- **Task directions**
Give every line of the material back exactly, images removed.

──────── Data

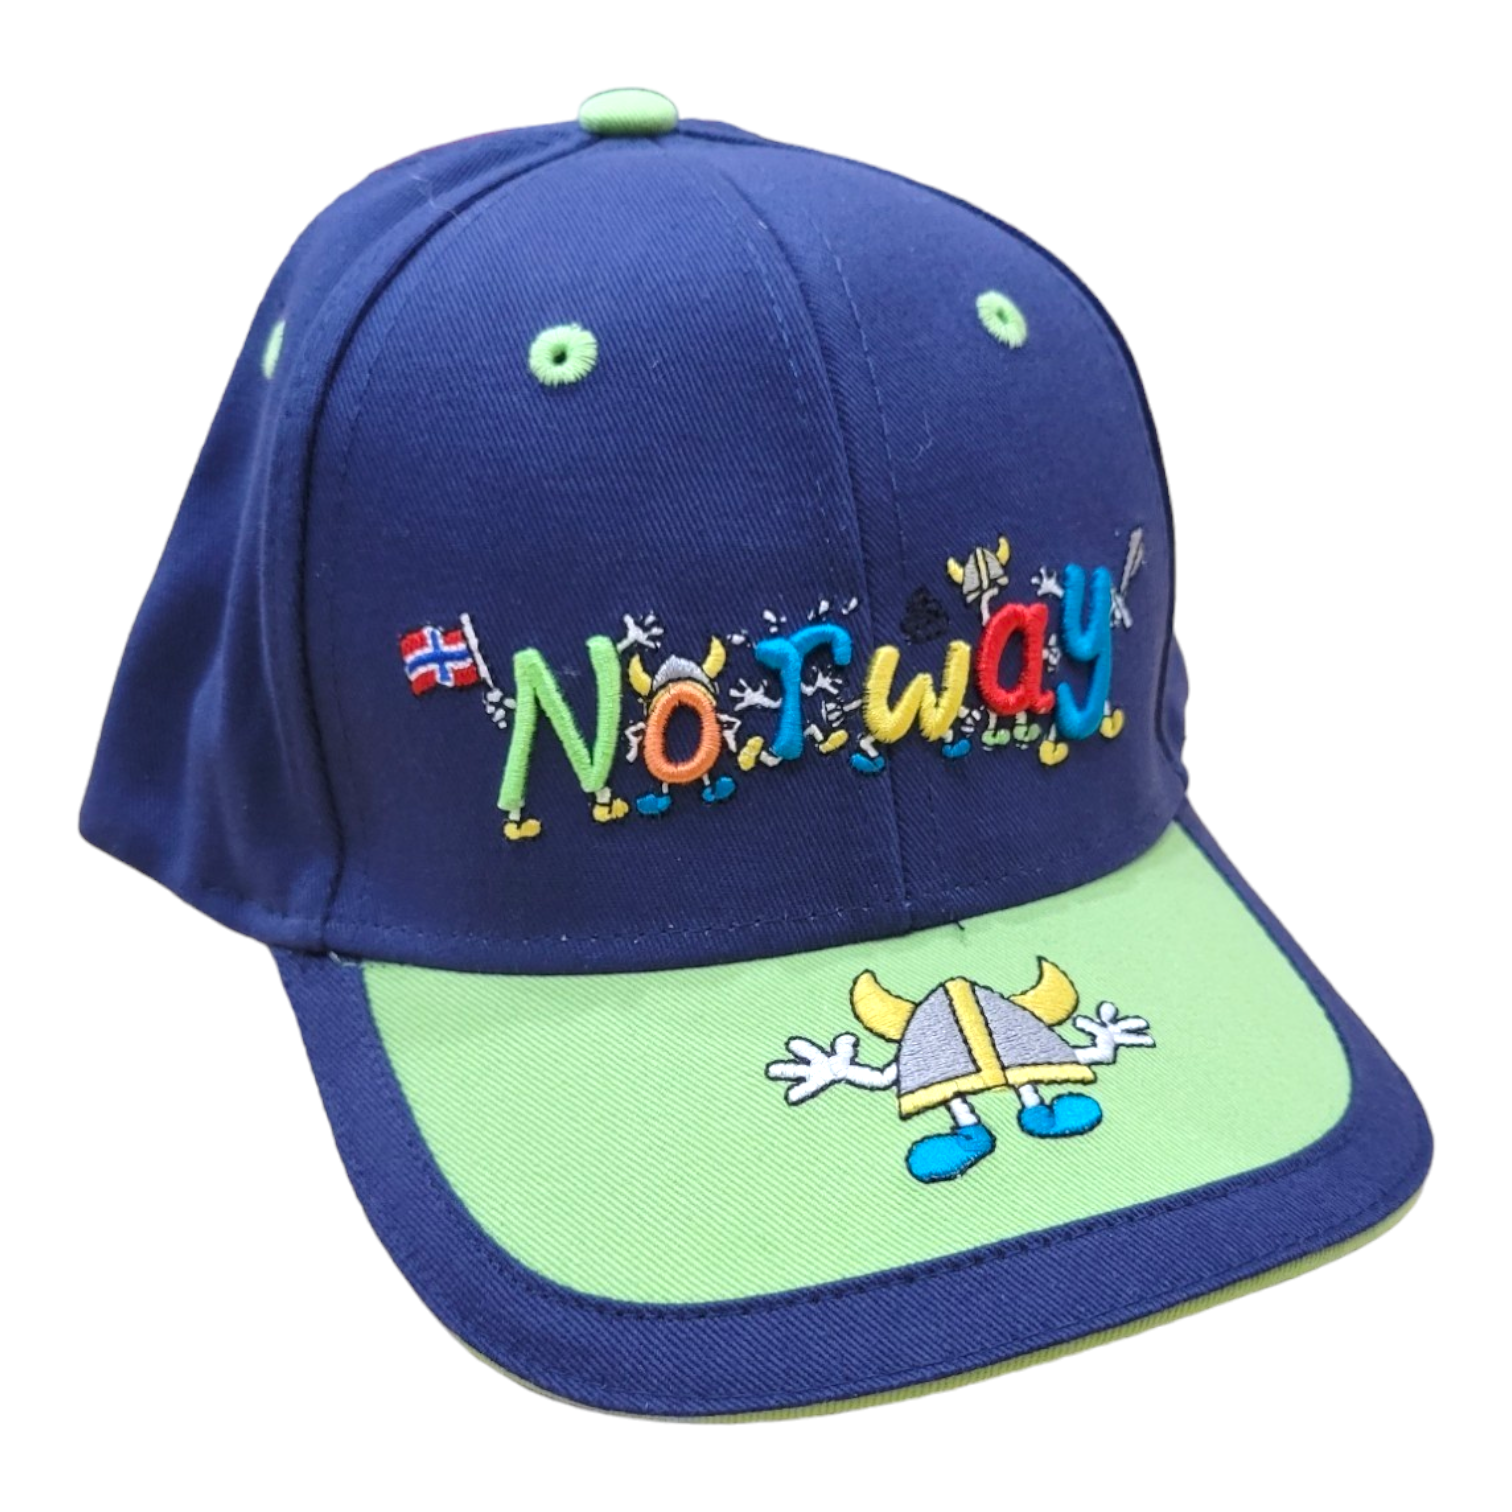 Hat: Baseball Cap Boys or Girls
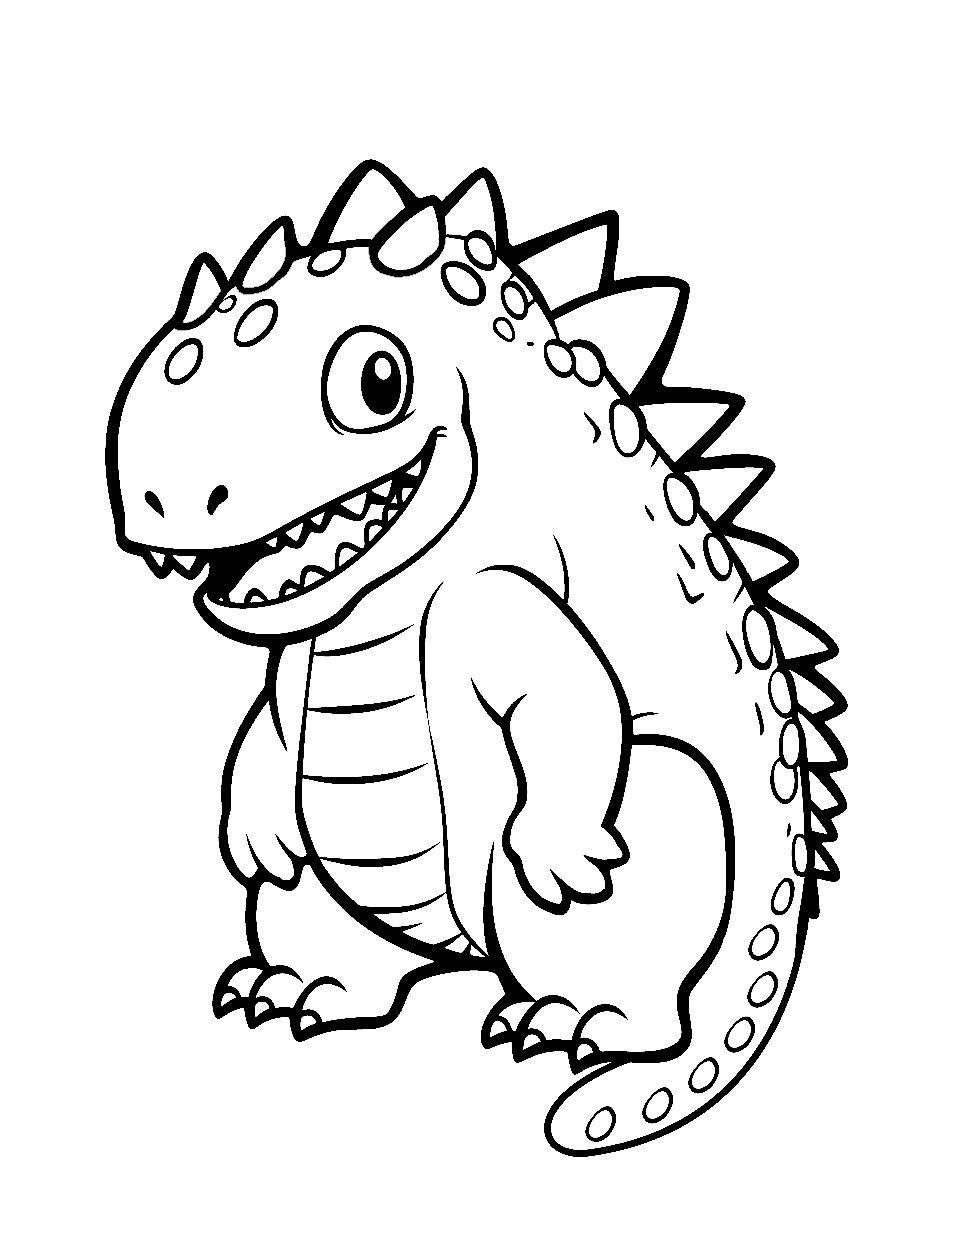 Cute Baby Godzilla Coloring Page - A chibi or cartoon version of Godzilla, with big eyes and a tiny tail.
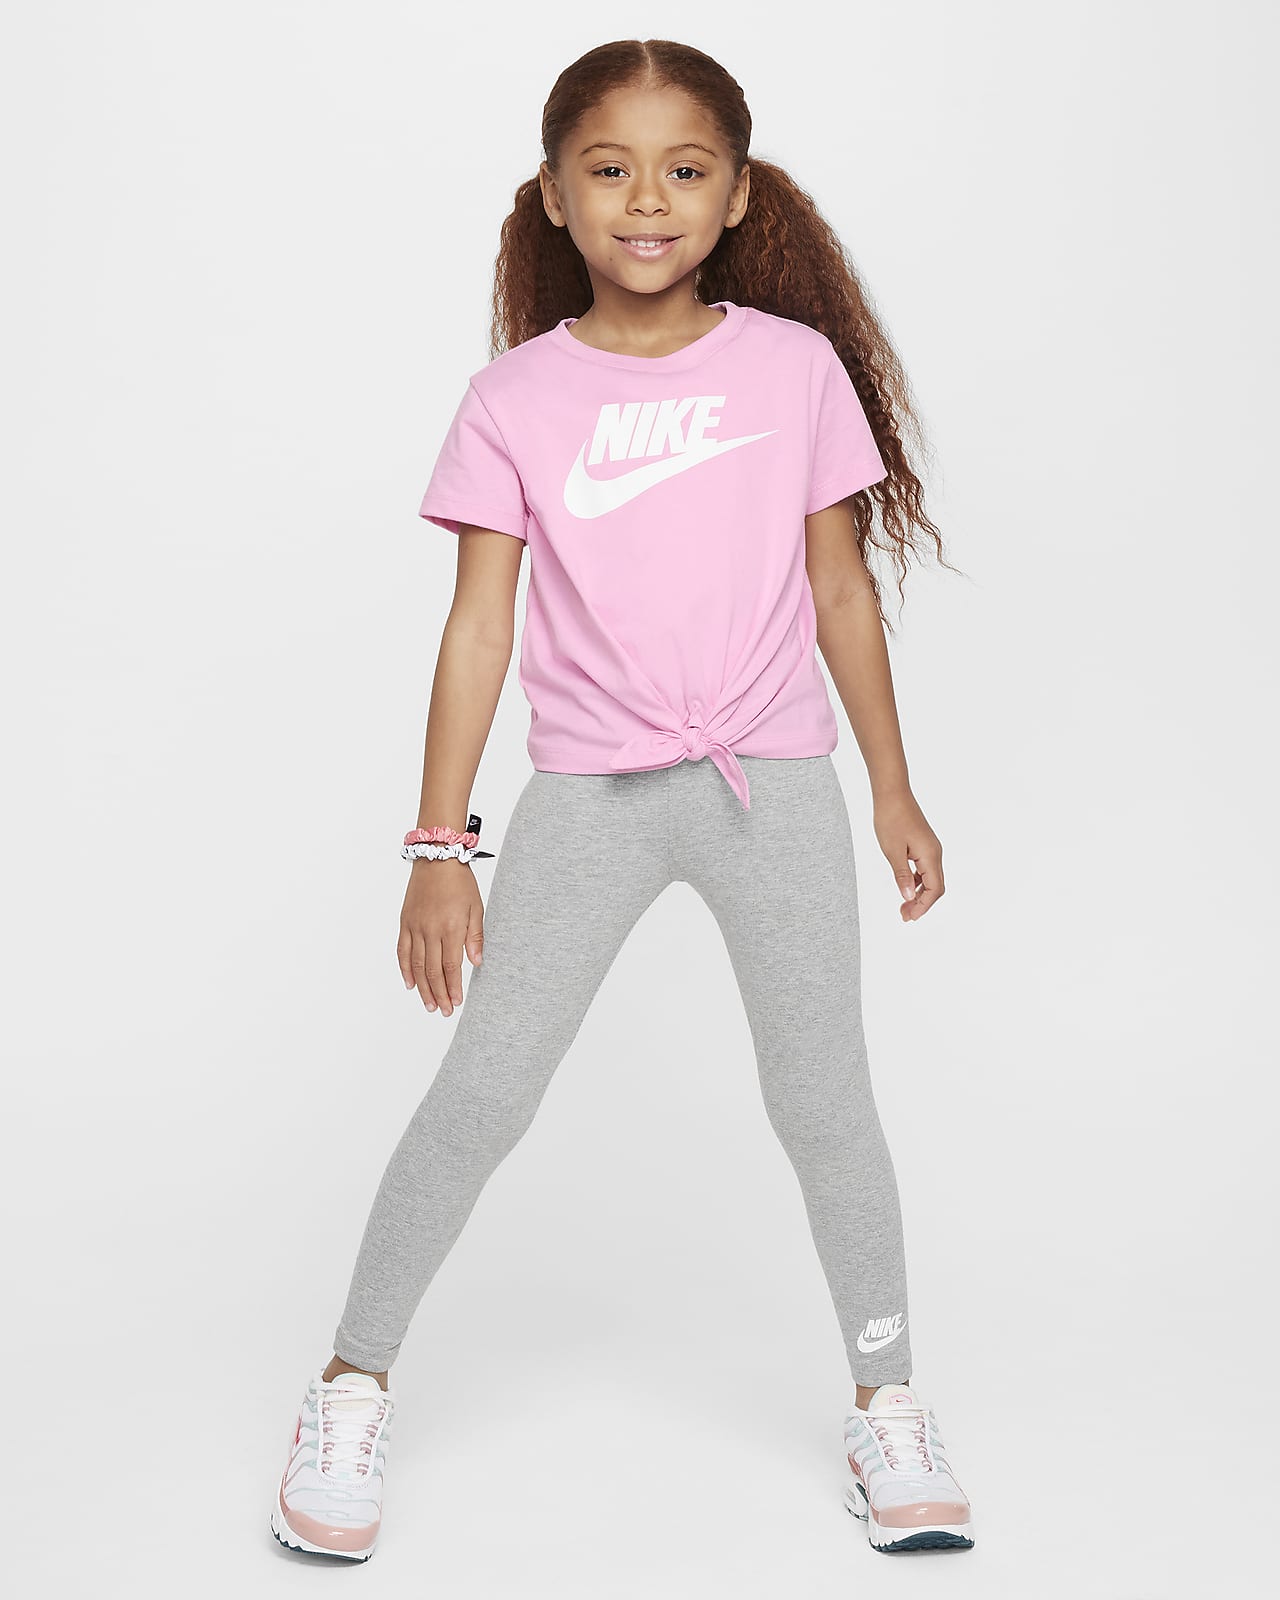 Nike Little Kids' Tie Front Tee and Leggings Set
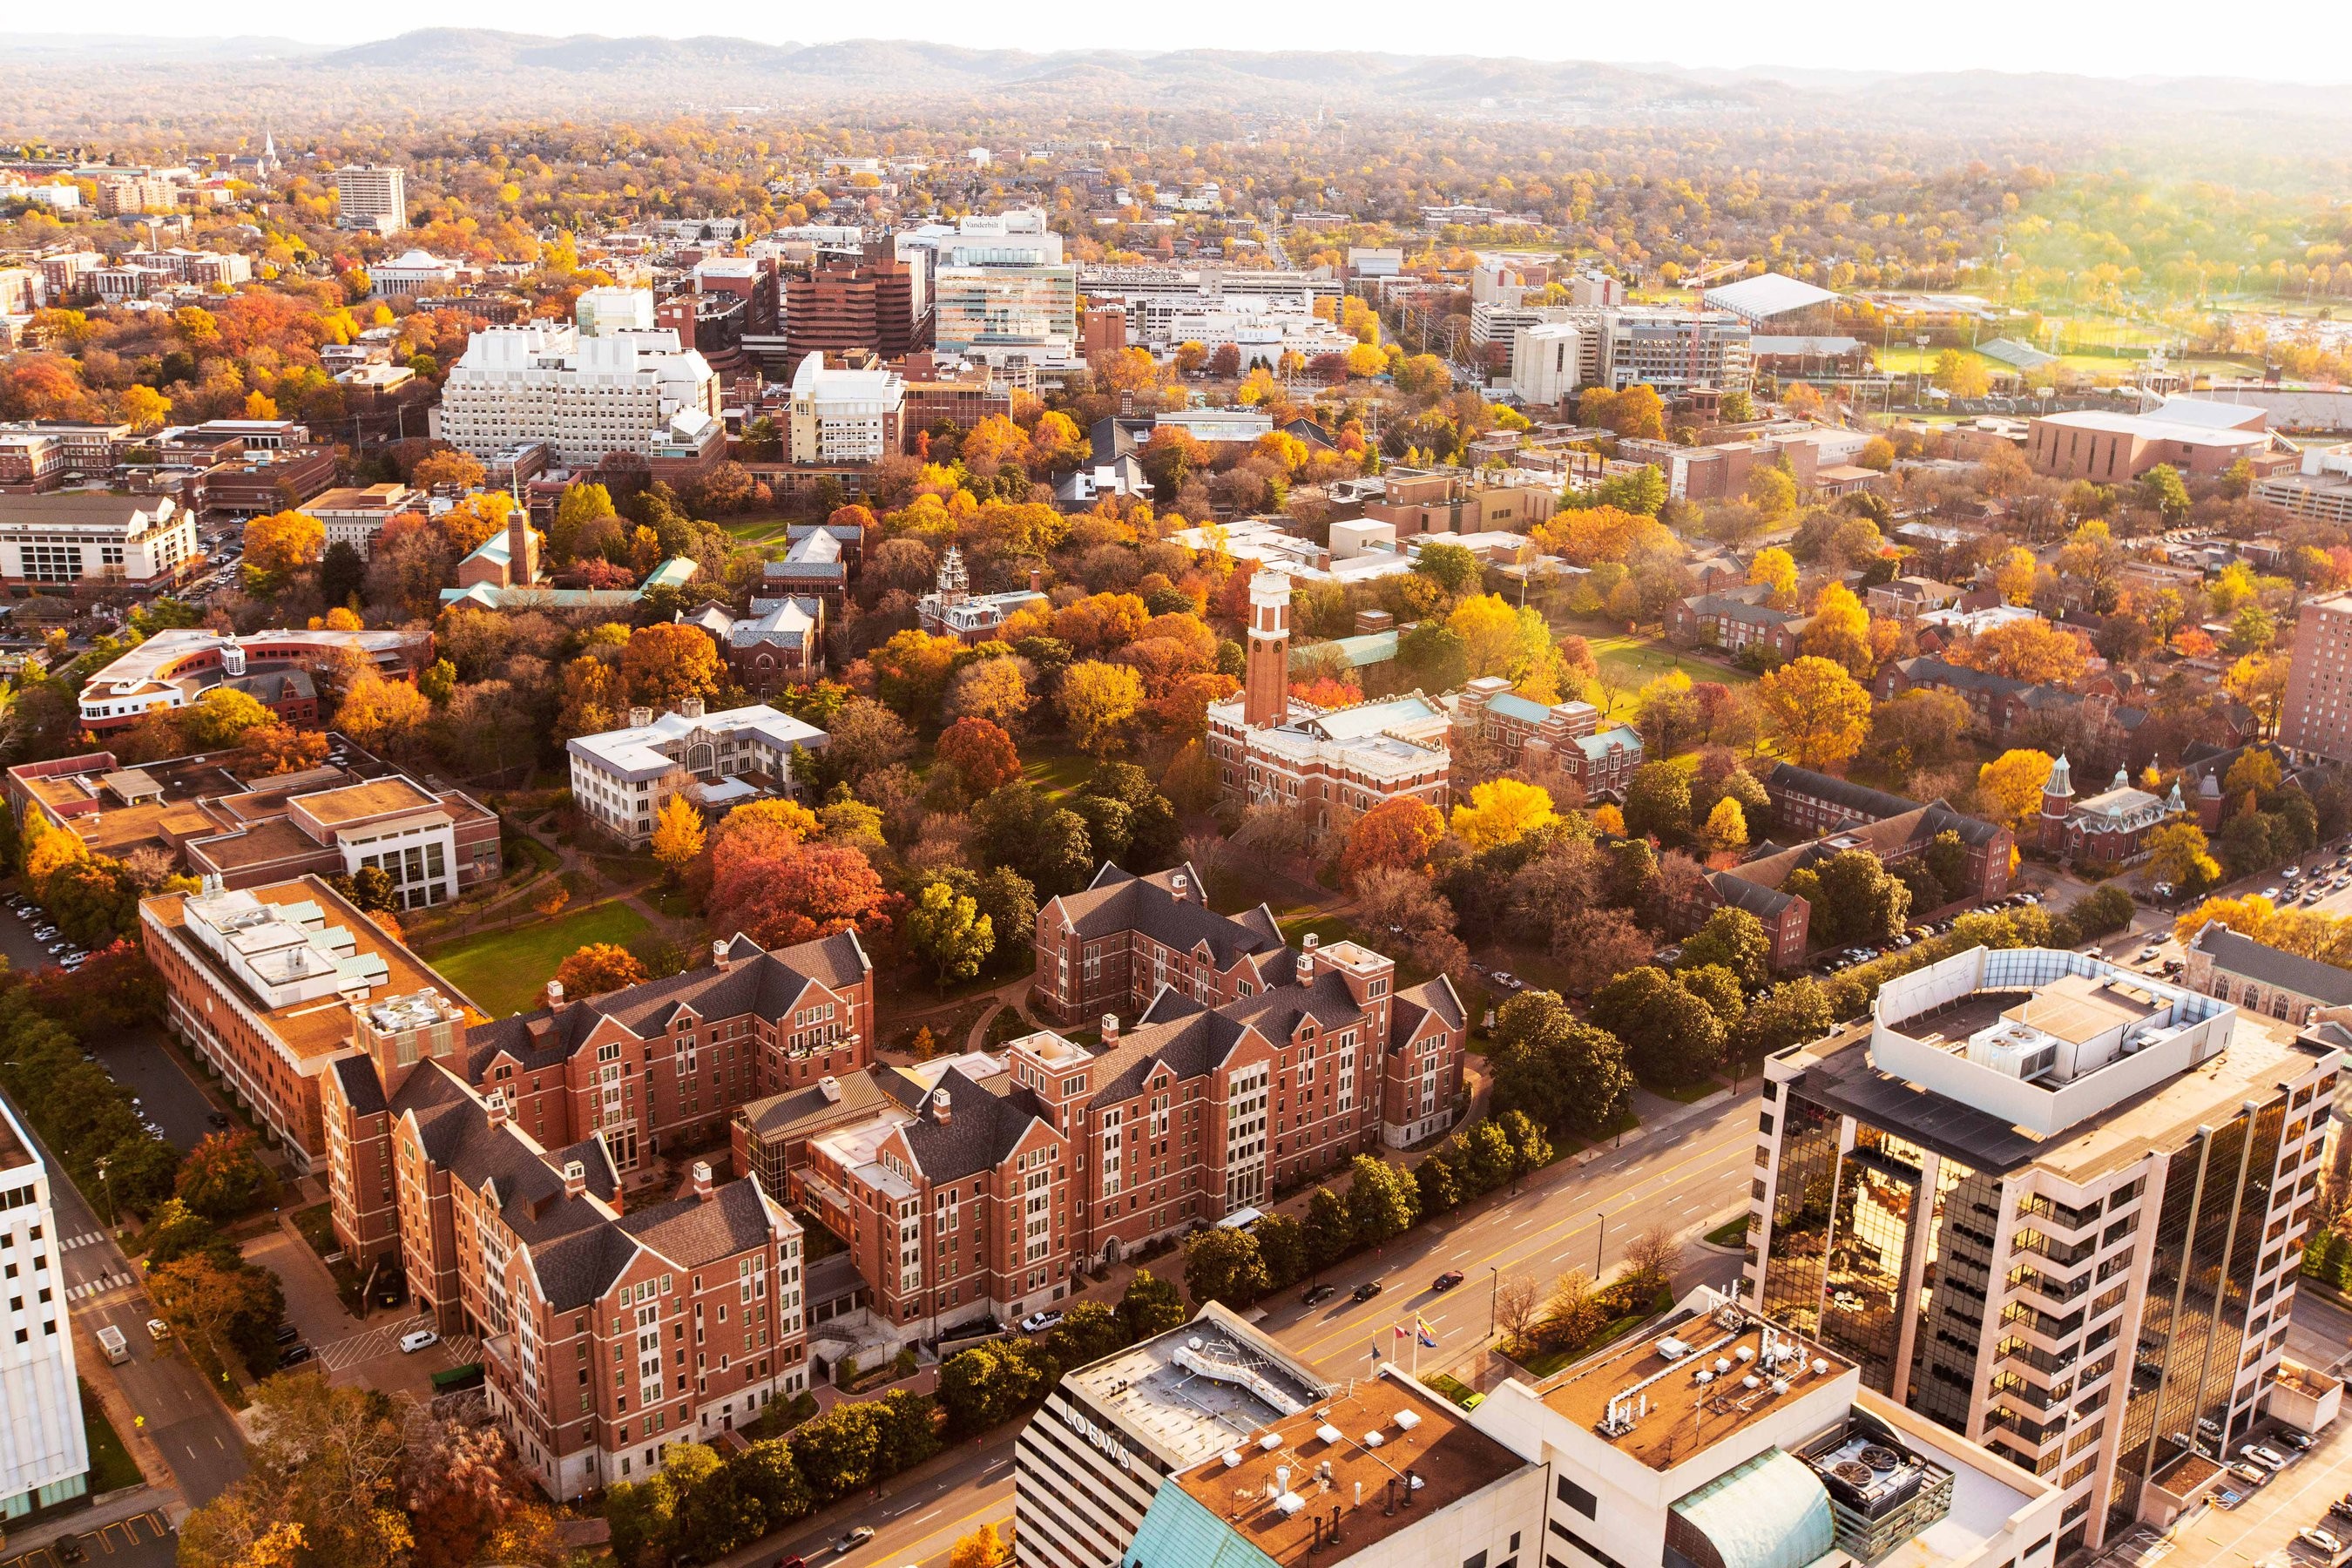 Aerial view of Vanderbilt campus buildings showing leaves turning autumn colors

────────────────

- **Result of the task**
 Hat: Baseball Cap Boys or Girls
 Cute Baby Godzilla Coloring Page - A chibi or cartoon version of Godzilla, with big eyes and a tiny tail.
 Nike Little Kids' Tie Front Tee and Leggings Set
 Aerial view of Vanderbilt campus buildings showing leaves turning autumn colors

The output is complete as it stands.